— Так, говорите, зашевелились немцы?
Простившись с торговцами, Ратников зашагал к собору — подождать ребят. Там, на углу, они и условились встретиться — да уже и ошивались, зябко поеживаясь на не на шутку разбушевавшемся ветру.
— Ой, дядя Миша! Мы все выспросили, все посмотрели, даже заглянули на пару дворов… Есть две очень подозрительные усадьбы… три даже!
Михаил хохотнул:
— И у меня примерно столько же! Ничего — проверим все, чай, не два десятка. Что, замерзли?

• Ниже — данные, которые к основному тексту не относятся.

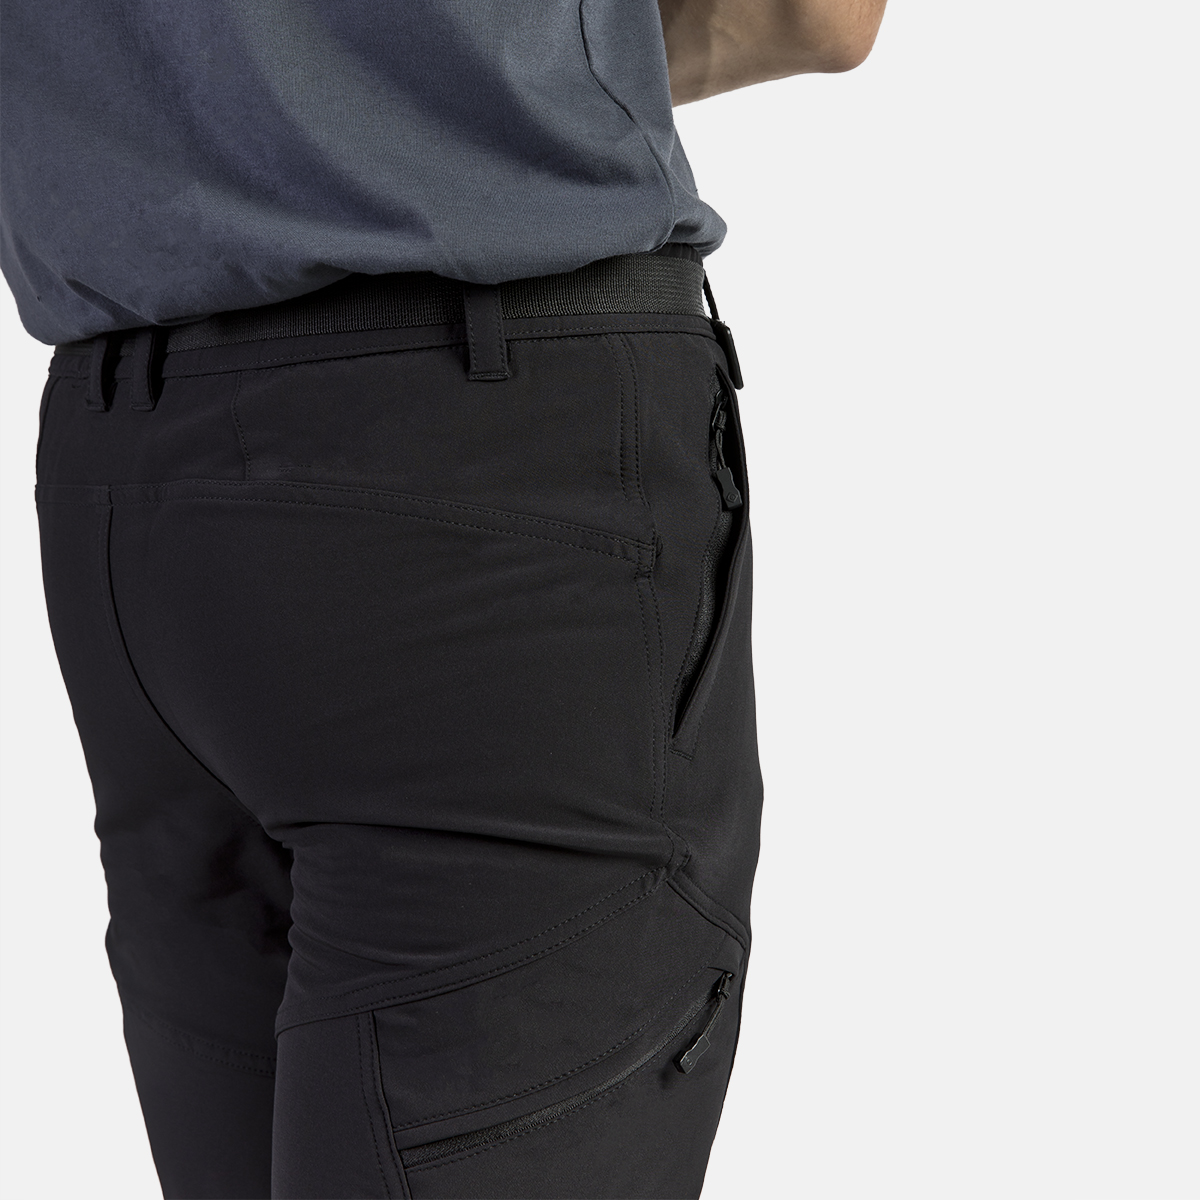 MAN'S BALTIC STRETCH PANT BLACK

— Да есть немножко, дядя Миша.
— Ну, тогда айда на постоялый двор — обедать.
И снова встретился им у самых ворот тот же длиннолицый служка. Как его звали-то? Бог весть… Ларион, кажется.
Снова, как и в прошлый раз, оглянулся, зашептал:
— Кнехты!
А вот теперь, в свете уже услышанного Михаилом, дело было куда серьезнее.
— Кого ищут, друже?
— Тебя, господине, спрашивают.
— Что, прямо по имени?
— Не… писарь им нужен. Я тут слыхал… во всех корчмах спрашивали. Софрония-писца взяли, на свой двор увели.
— Так-так, писцов, значит, ловят… Ну, спасибо тебе, парень!
Миша повернулся к парням:
— А ну, быстро… Уходим отсюда!
Ничего не спрашивая, Максим и Эгберт молча зашагали следом.
Ратников обошел торжище, недолго постоял у какой-то небольшой церкви и лишь на берегу Псковы, в кусточках, обернулся к парням, мол — как вы там?
— Куда мы идем, дядя Миша? — наконец поинтересовался Макс.
— Не знаю, — честно отозвался Ратников. — Похоже, нет у нас больше дома. И в любую корчму соваться не след.
— А куда же тогда…
— А вот сейчас о том и подумаем — самое время. Впрочем, вы-то можете и по корчмам наведаться — писца ловят, не вас. Да, так! Не знаете ничего тут поблизости подходящего?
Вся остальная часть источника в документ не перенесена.